PROBLEM STATEMENT:
Would you repeat the listing exactly, without any of its images?

--- DATA EXCERPT Enclosed Below ---

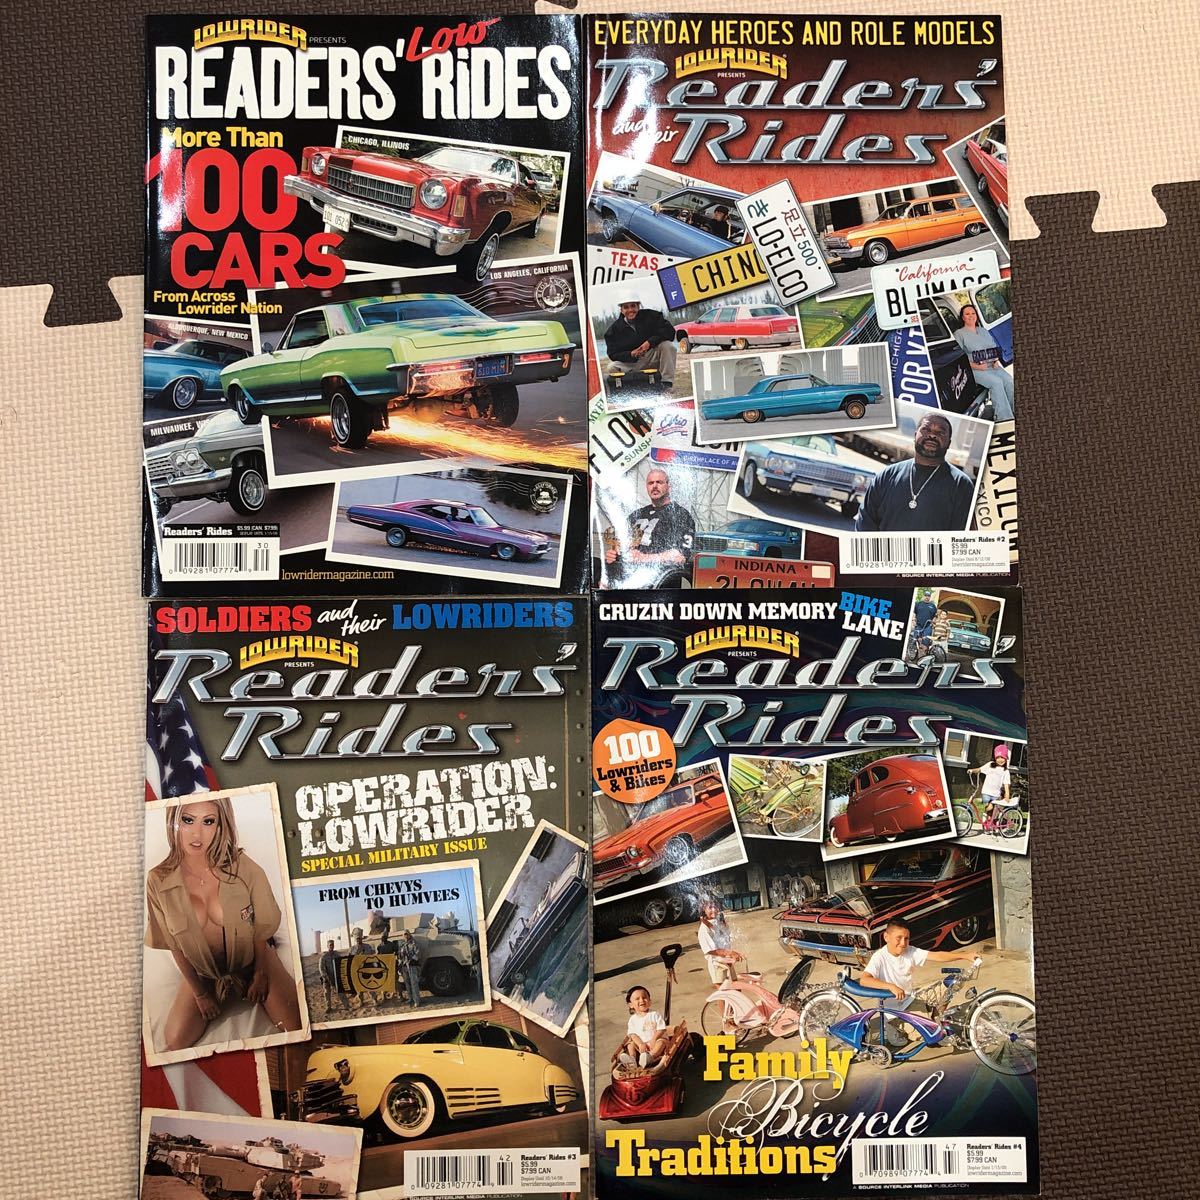 US lowrider magazine 別冊 Readers' Rides セット インパラ ボム リーガル カトラス モンテカルロ キャディラック ローチャリ ハイドロ
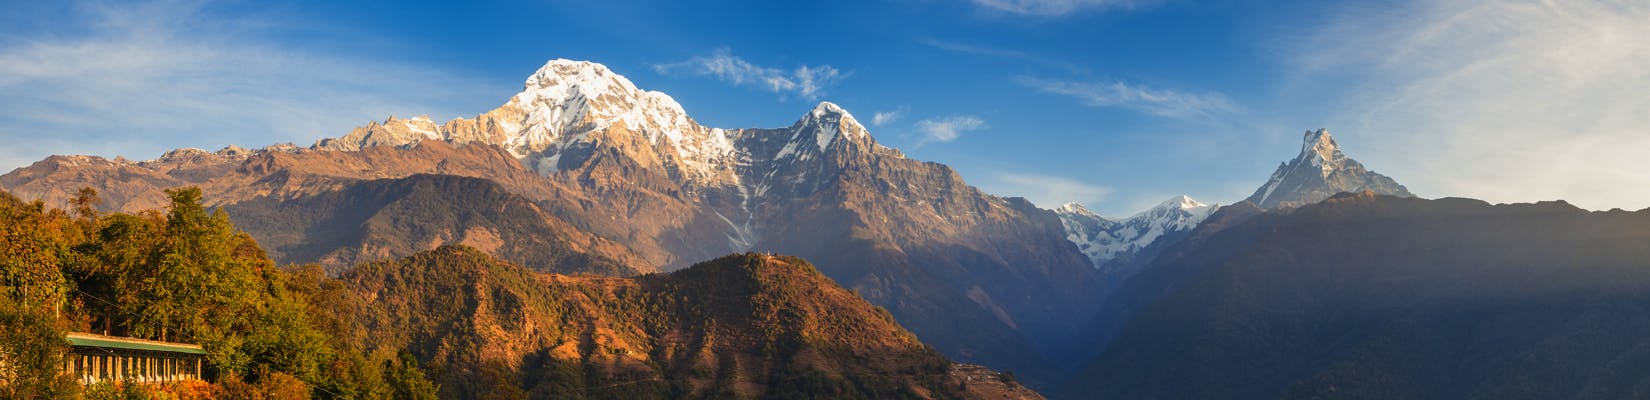 Adventurous Activities To Do In Nepal
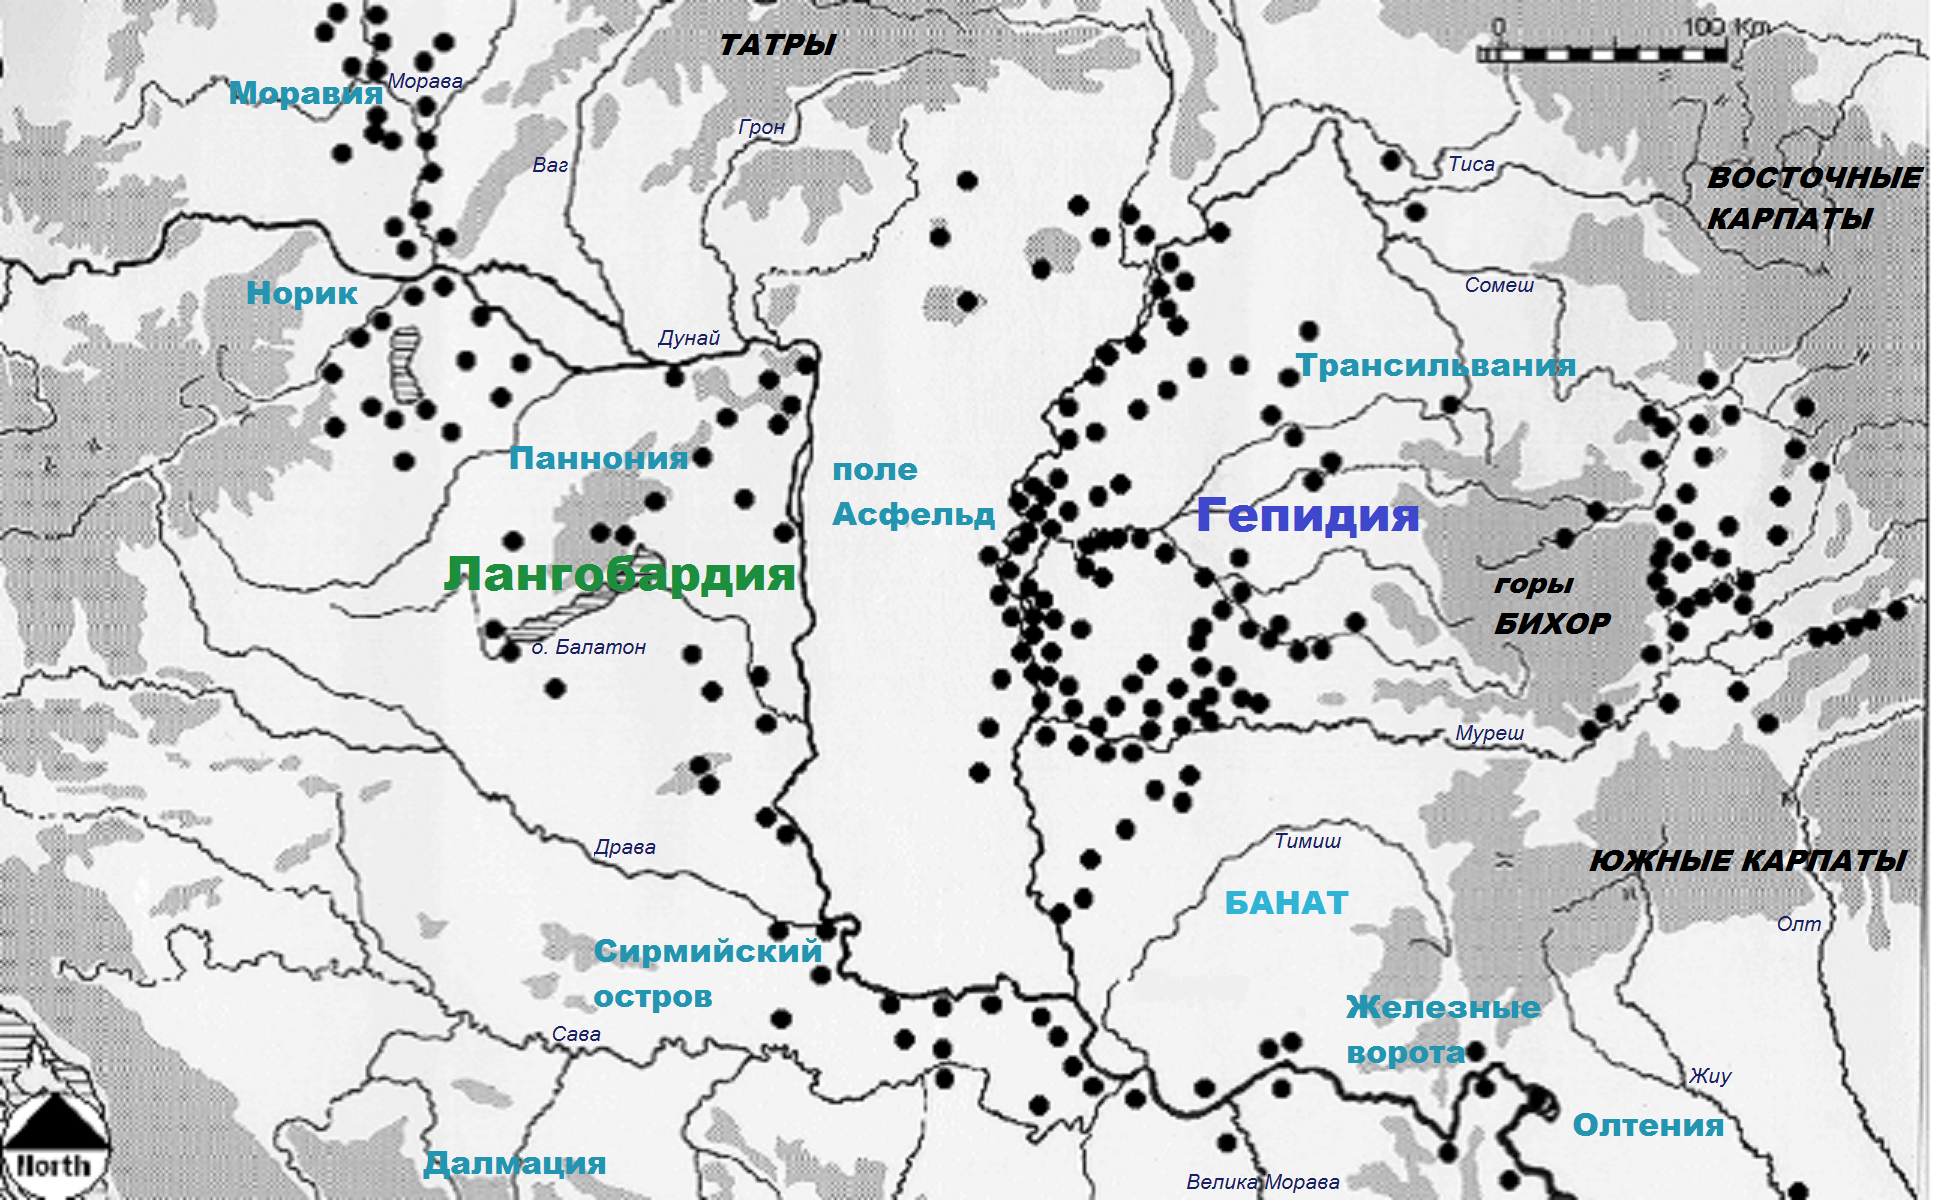 Археологическая ситуация на Среднем Дунае в 5 - первой половине 6 веков по Ф. Курте

--- End of Enclosed DATA EXCERPT ---

OUTPUT:
 US lowrider magazine 別冊 Readers' Rides セット インパラ ボム リーガル カトラス モンテカルロ キャディラック ローチャリ ハイドロ
 Adventurous Activities To Do In Nepal
 Археологическая ситуация на Среднем Дунае в 5 - первой половине 6 веков по Ф. Курте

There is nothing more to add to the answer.